1. Record lock: Record lock is a lock on index records. FOR example, SELECT c1 FROM t WHERE c1 = 10 FOR UPDATE; Can prevent any other transaction from inserting, updating or deleting rows where the value of T.c. 1 is 10.

2. Gap lock: A gap lock is a lock on the gap between index records, or the gap before the first or last index record. FOR example, SELECT c1 FROM t WHERE c1 BETWEEN 10 and 20 FOR UPDATE; Prevents other transactions from inserting value 15 into t.c1 in a column, whether or not such a value is already in the column, because the gap between all existing values in the range is locked.

3. Next key lock: Next key lock is a combination of record lock on index record and gap lock on gap before index record.
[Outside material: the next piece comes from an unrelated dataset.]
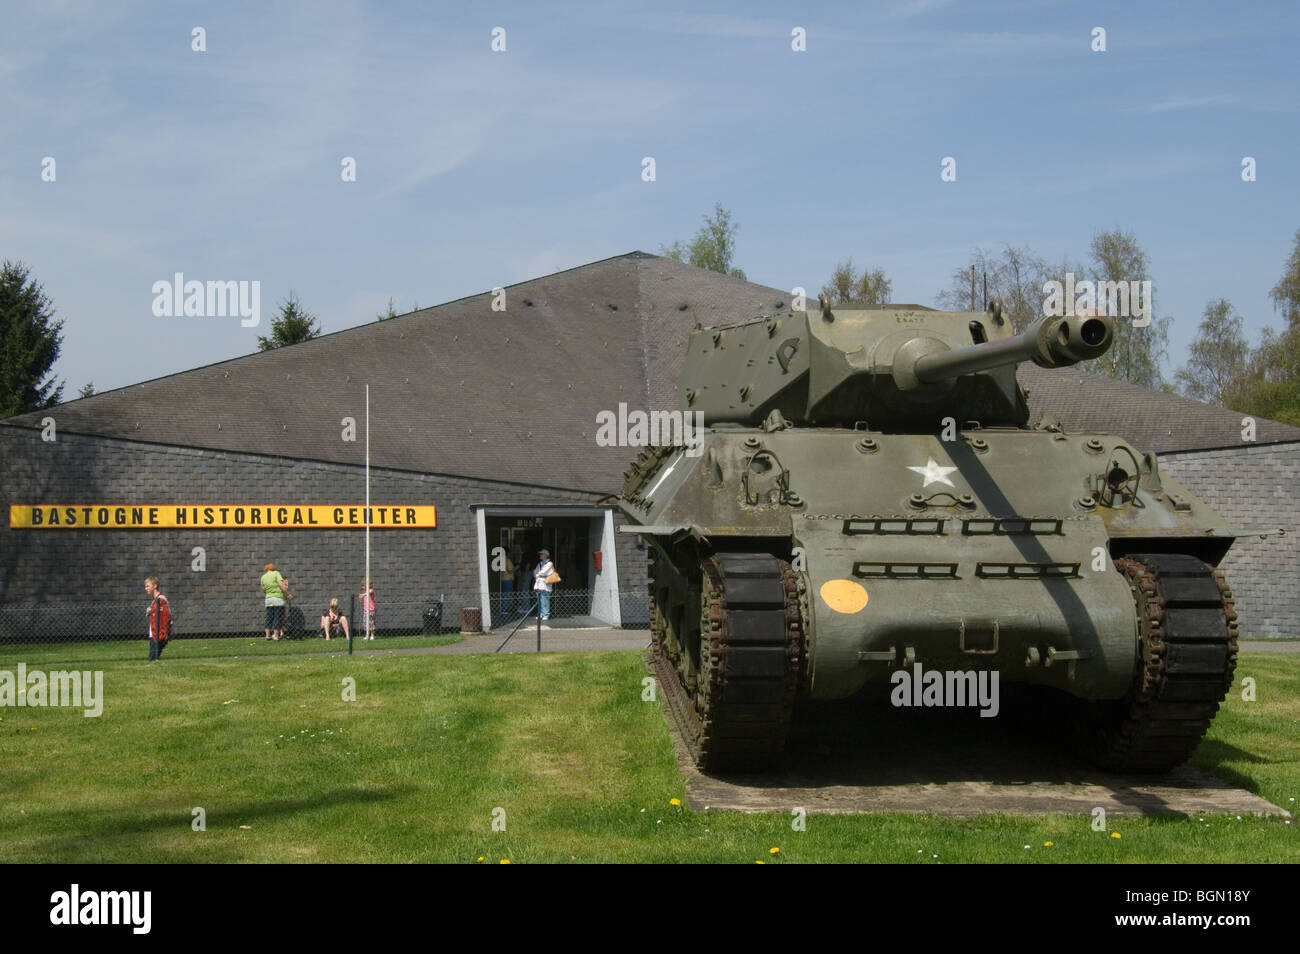 Amerikanische M10 Wolverine Jagdpanzer aus der Ardennenoffensive im Musée Bastogne Historical Center, Ardennen, Belgien Stockfoto

InnoDB performs row-level locking to enable it to set shared or exclusive locks on index records encountered when searching or scanning table indexes. Therefore, row-level locks are actually indexed record locks. A next key lock on an index record also affects the “gap” that precedes that index record. That is, the next key lock is the index record lock plus the gap lock on the gap before the index record. If one session R has a shared or exclusive lock on a record in the index, the other session cannot insert a new index record in the gap before the index order.

4. INSERT intent lock: INSERT intent lock is a gap lock set by an INSERT row operation prior to insertion. This lock signals insert intent that there is no need to wait for multiple transactions to be inserted into the same index gap if multiple transactions are not inserted at the same place in the gap. Suppose there is an index record with values of 4 and 7. Individual transactions attempt to insert values 5 and 6, respectively, and each uses the insert intent lock to lock the gap between 4 and 7 until an exclusive lock is obtained for the inserted row, but do not block each other because the rows are conflict-free.

5, automatic lock: an auto-inc lock is a special table level lock that will be acquired with the table AUTO_INCREMENT column. In the simplest case, if one transaction is inserting a value into the table, any other transaction must wait for its own insertion into the table so that the row inserted by the first transaction receives consecutive primary key values. The Innodb_autoINC_lock_mode configuration option controls the algorithm used to automatically increase locking. It allows you to choose how to trade off a predictable sequence of automatic incremental values against the maximum concurrency of an insert operation.

Details are available on the mysql website, which can be viewed here.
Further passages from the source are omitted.